Oh powers, what does this prick want? I didn’t know what to say to get rid of him without being rude, so I ended up not saying nothing at all.
He smiled and said, “As you wis
h.” He went back to the hocuses. Whatever he said made them laugh.
Mehitabel
After the curtain went down on Berinth the King, my dressing room collected the usual flock of courtiers and gentlemen— what Mildmay called “flashies.” Also, “boy-toys.”
I swatted that thought irritably aside and took stock of my admirers—not for their talents in bed or their scandal potential, but whether they might know something Vulpes would find “interesting. ”
Most of them deserved to be called boy-toys; they hardly had two thoughts in their heads to rub together, much less anything to say that anyone would find interesting. I was thinking that Ashley Demellius might be the best of a bad lot—he was a featherwit, but also a gossip—when the door opened and like the saturnine answer to my prayers, Antony Lemerius came in.
He didn’t bother to hide his impatience with the young men blocking the door, and I carefully didn’t smile at the haste with which they got out of his way. Antony wouldn’t find it funny.
I shifted my weight, dropped my shoulders a little, became the Mehitabel Parr Antony would want. Antony, thank God, was bored by stupidity rather than threatened by intelligence; he’d been one of the first to transfer his favor from Susan to me. But his sense of his own dignity was smothering, like the air on a really humid day in the Grasslands, and if you didn’t measure up, he’d have nothing to do with you.

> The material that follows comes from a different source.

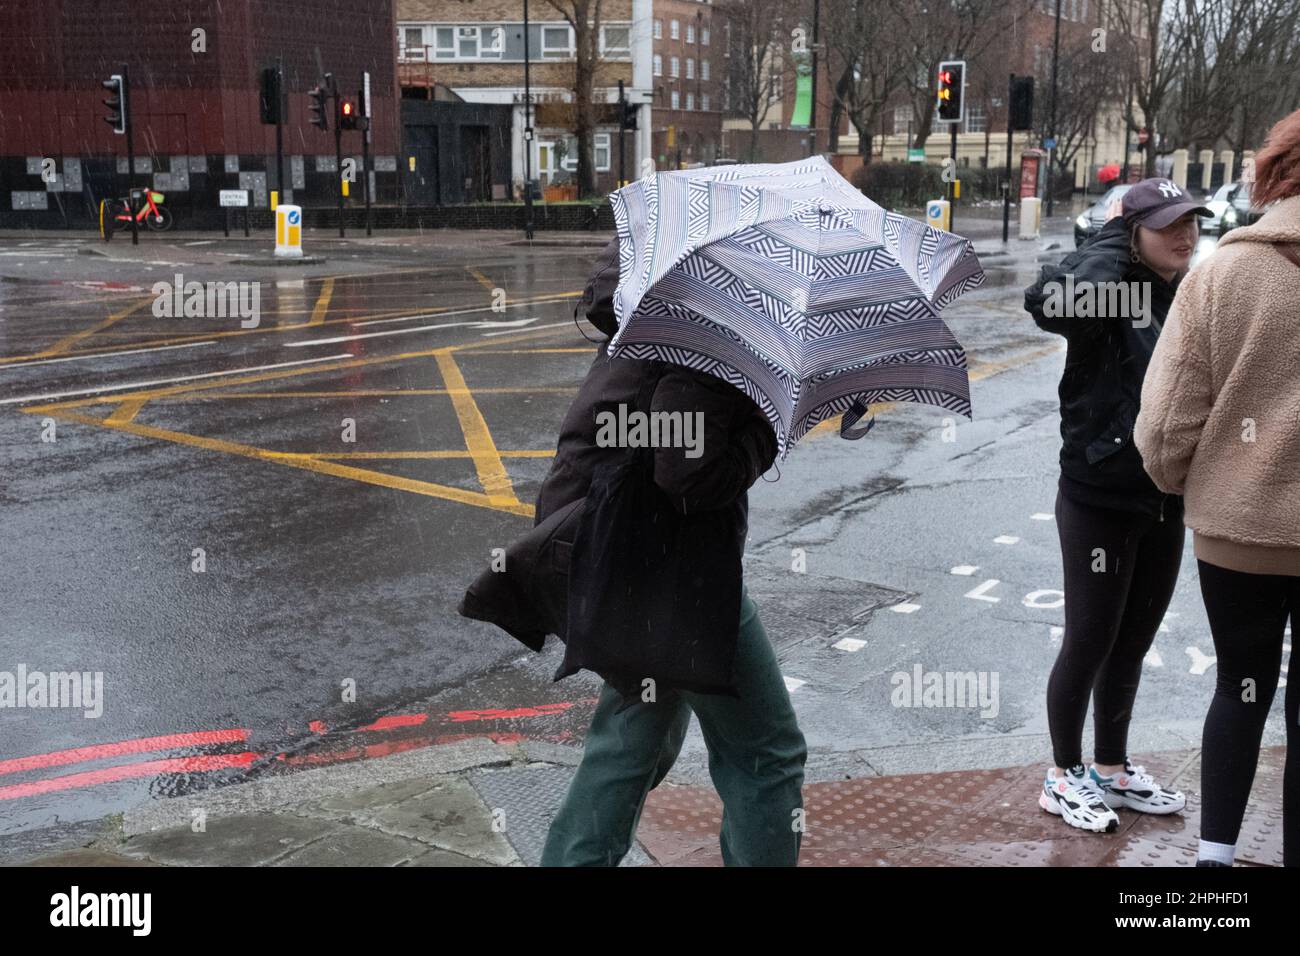 Frau, die während des stürmischen Wetters in London, Großbritannien, mit ihrem Regenschirm kämpft Stockfoto

He was very like his father, whom he hated in the particularly venomous fashion reserved for those whose good graces we must cultivate. And his father, Philip Lemerius, was one of Lord Stephen’s cronies. If there was anything stirring in the Mirador’s inner circles, Antony would know about it.
And even if I didn’t get a thing out of him, Vulpes couldn’t accuse me of not having tried.